> **What this task involves**
Retype every line of the data, keeping each word exactly.

Listed entries Start Marker

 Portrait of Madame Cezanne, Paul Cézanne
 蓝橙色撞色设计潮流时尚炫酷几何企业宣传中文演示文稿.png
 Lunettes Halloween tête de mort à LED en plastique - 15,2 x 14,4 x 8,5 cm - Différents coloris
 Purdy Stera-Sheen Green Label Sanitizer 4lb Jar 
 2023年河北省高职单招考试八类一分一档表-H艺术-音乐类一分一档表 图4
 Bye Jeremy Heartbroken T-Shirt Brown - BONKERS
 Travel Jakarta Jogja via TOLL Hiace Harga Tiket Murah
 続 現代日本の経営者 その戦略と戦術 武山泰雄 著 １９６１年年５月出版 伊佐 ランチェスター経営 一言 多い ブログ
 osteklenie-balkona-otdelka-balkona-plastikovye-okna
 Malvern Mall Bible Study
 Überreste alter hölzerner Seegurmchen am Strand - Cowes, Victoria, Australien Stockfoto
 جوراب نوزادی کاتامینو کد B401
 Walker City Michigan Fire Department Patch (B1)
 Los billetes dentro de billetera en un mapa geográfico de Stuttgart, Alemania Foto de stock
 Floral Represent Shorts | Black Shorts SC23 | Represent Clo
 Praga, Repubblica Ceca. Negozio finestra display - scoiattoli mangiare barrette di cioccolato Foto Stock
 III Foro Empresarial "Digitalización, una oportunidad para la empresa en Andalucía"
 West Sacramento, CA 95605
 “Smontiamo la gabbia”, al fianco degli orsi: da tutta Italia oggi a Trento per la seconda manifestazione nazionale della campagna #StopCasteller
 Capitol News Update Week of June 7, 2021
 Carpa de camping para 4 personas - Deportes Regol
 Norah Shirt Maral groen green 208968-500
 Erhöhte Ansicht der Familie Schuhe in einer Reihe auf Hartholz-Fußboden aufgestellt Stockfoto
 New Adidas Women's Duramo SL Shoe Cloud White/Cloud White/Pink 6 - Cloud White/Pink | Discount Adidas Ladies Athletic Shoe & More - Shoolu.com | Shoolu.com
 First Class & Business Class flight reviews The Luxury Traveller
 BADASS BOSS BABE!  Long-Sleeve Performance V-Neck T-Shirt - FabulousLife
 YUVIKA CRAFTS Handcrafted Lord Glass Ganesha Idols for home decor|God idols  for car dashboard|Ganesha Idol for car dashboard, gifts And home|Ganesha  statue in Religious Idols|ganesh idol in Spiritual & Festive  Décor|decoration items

Listed entries End Marker

> **Response**
 Portrait of Madame Cezanne, Paul Cézanne
 蓝橙色撞色设计潮流时尚炫酷几何企业宣传中文演示文稿.png
 Lunettes Halloween tête de mort à LED en plastique - 15,2 x 14,4 x 8,5 cm - Différents coloris
 Purdy Stera-Sheen Green Label Sanitizer 4lb Jar 
 2023年河北省高职单招考试八类一分一档表-H艺术-音乐类一分一档表 图4
 Bye Jeremy Heartbroken T-Shirt Brown - BONKERS
 Travel Jakarta Jogja via TOLL Hiace Harga Tiket Murah
 続 現代日本の経営者 その戦略と戦術 武山泰雄 著 １９６１年年５月出版 伊佐 ランチェスター経営 一言 多い ブログ
 osteklenie-balkona-otdelka-balkona-plastikovye-okna
 Malvern Mall Bible Study
 Überreste alter hölzerner Seegurmchen am Strand - Cowes, Victoria, Australien Stockfoto
 جوراب نوزادی کاتامینو کد B401
 Walker City Michigan Fire Department Patch (B1)
 Los billetes dentro de billetera en un mapa geográfico de Stuttgart, Alemania Foto de stock
 Floral Represent Shorts | Black Shorts SC23 | Represent Clo
 Praga, Repubblica Ceca. Negozio finestra display - scoiattoli mangiare barrette di cioccolato Foto Stock
 III Foro Empresarial "Digitalización, una oportunidad para la empresa en Andalucía"
 West Sacramento, CA 95605
 “Smontiamo la gabbia”, al fianco degli orsi: da tutta Italia oggi a Trento per la seconda manifestazione nazionale della campagna #StopCasteller
 Capitol News Update Week of June 7, 2021
 Carpa de camping para 4 personas - Deportes Regol
 Norah Shirt Maral groen green 208968-500
 Erhöhte Ansicht der Familie Schuhe in einer Reihe auf Hartholz-Fußboden aufgestellt Stockfoto
 New Adidas Women's Duramo SL Shoe Cloud White/Cloud White/Pink 6 - Cloud White/Pink | Discount Adidas Ladies Athletic Shoe & More - Shoolu.com | Shoolu.com
 First Class & Business Class flight reviews The Luxury Traveller
 BADASS BOSS BABE!  Long-Sleeve Performance V-Neck T-Shirt - FabulousLife
 YUVIKA CRAFTS Handcrafted Lord Glass Ganesha Idols for home decor|God idols  for car dashboard|Ganesha Idol for car dashboard, gifts And home|Ganesha  statue in Religious Idols|ganesh idol in Spiritual & Festive  Décor|decoration items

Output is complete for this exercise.